You need the following before you start:

Start the interactive job setup:

cosmicac jobs create

Select Managed Inference (vLLM) as the job type, then set these fields:

Job name — a name to identify the job.
Tags — comma-separated labels for the job.
Location — the region where the job runs.
GPU type — the GPU to use. The CLI lists the GPUs available in your location.
GPU count — the number of GPUs.
Model — the model to serve. Select a listed model, or enter a Hugging Face model ID to bring your own.
Data type — the numeric precision the model runs at.
Quantisation — how to compress the model weights.
Tensor parallel — how many GPUs to split the model across.
GPU memory utilization — the fraction of GPU memory to use.
Max model length — the maximum context length.
Max concurrent sequences — the maximum requests handled at once.
Reasoning parser — the parser for reasoning output.
Video & image input — whether the model accepts multimodal input.
Endpoint name — a name for the endpoint, used in its URL path.
Replicas — how many copies of the model to run.
Require Authorization header — whether callers must send an API key. See Create an API key.
Root disk size — the VM root disk size in GB. Choose 250, 500, or 1000.
Environment variables — optional variables passed to the serving container.

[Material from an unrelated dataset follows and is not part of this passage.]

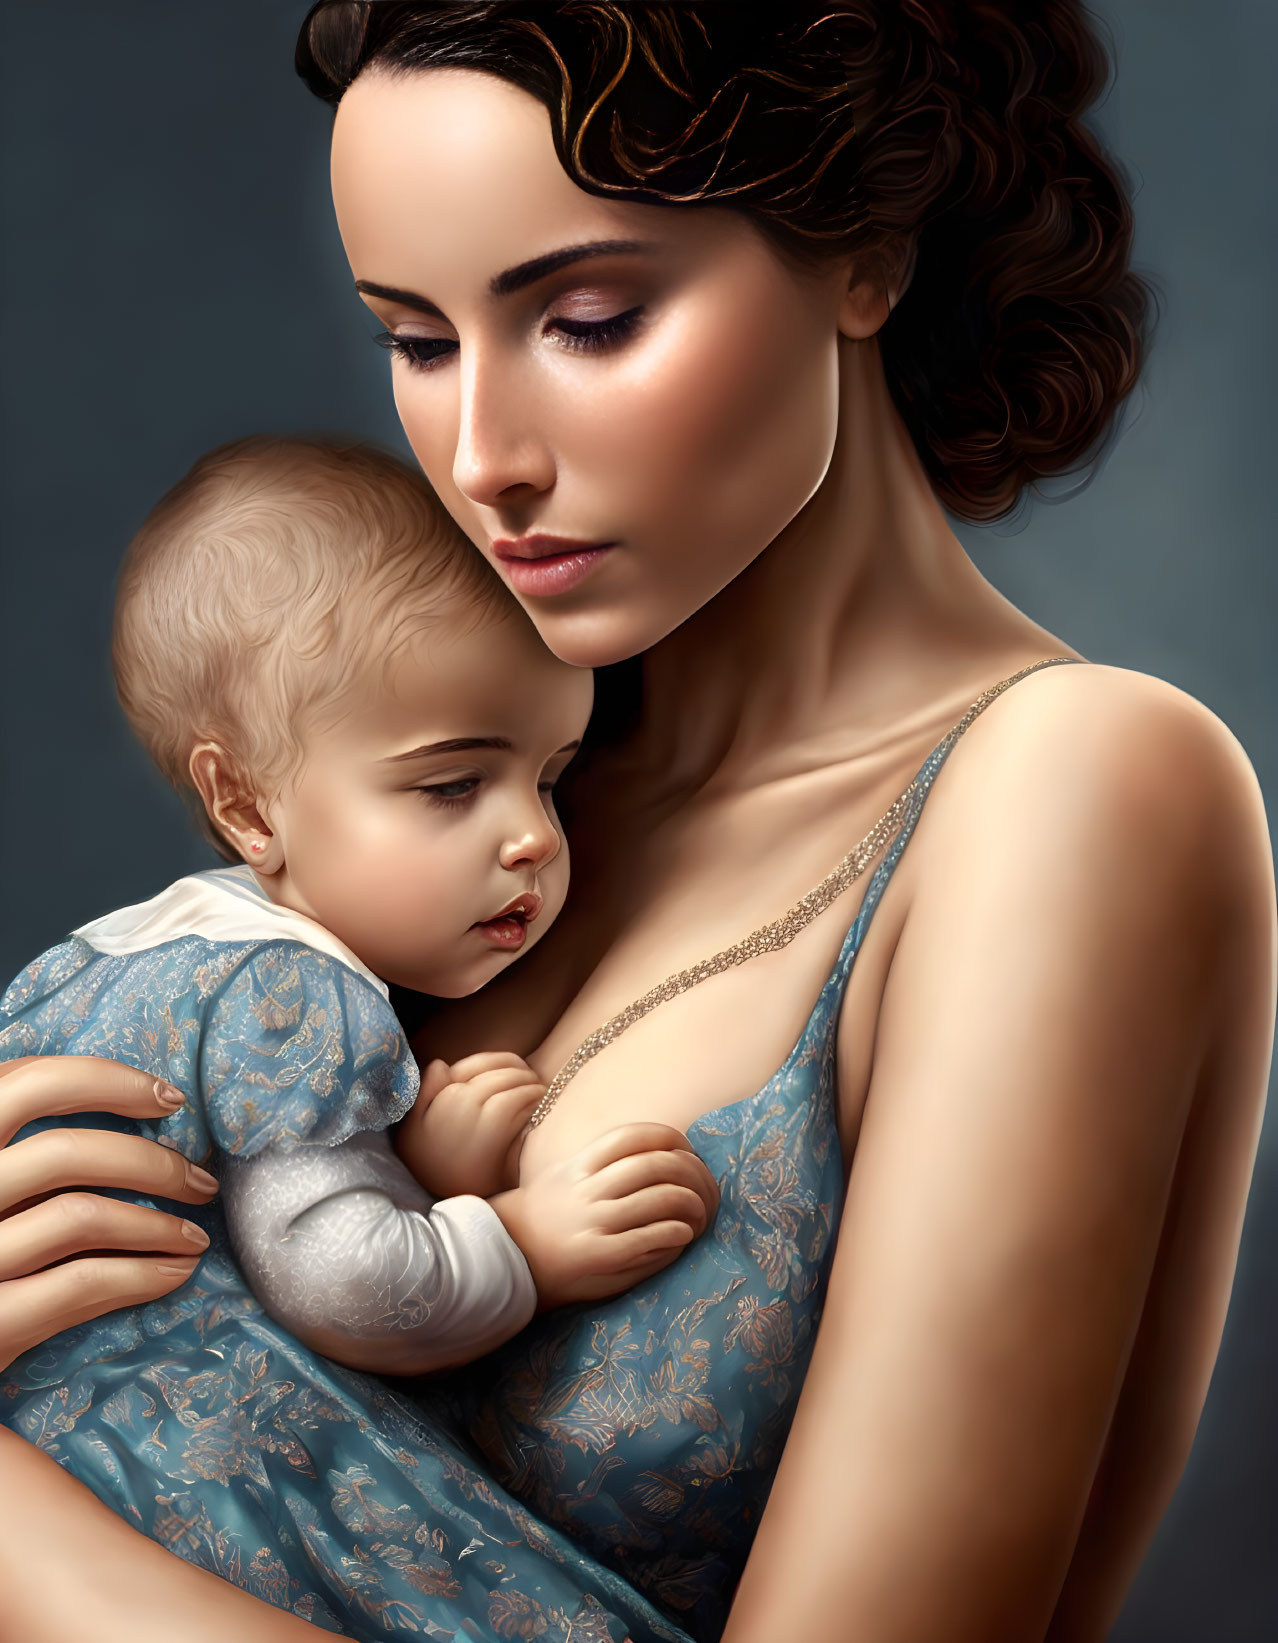 a woman breastfeeding

You can serve any model that vLLM supports. Browse the Hugging Face model hub or the vLLM supported models list to find one.

To serve a speech-to-text model instead, see Create a Managed Inference Job (Parakeet).

The Job configuration reference describes each field, and Recommended model parameters lists recommended values for supported models.

CosmicAC creates the job and prints its ID.

Check that your endpoint is serving:

cosmicac models healthcheck

Your endpoint appears as Endpoint: <endpoint-name>.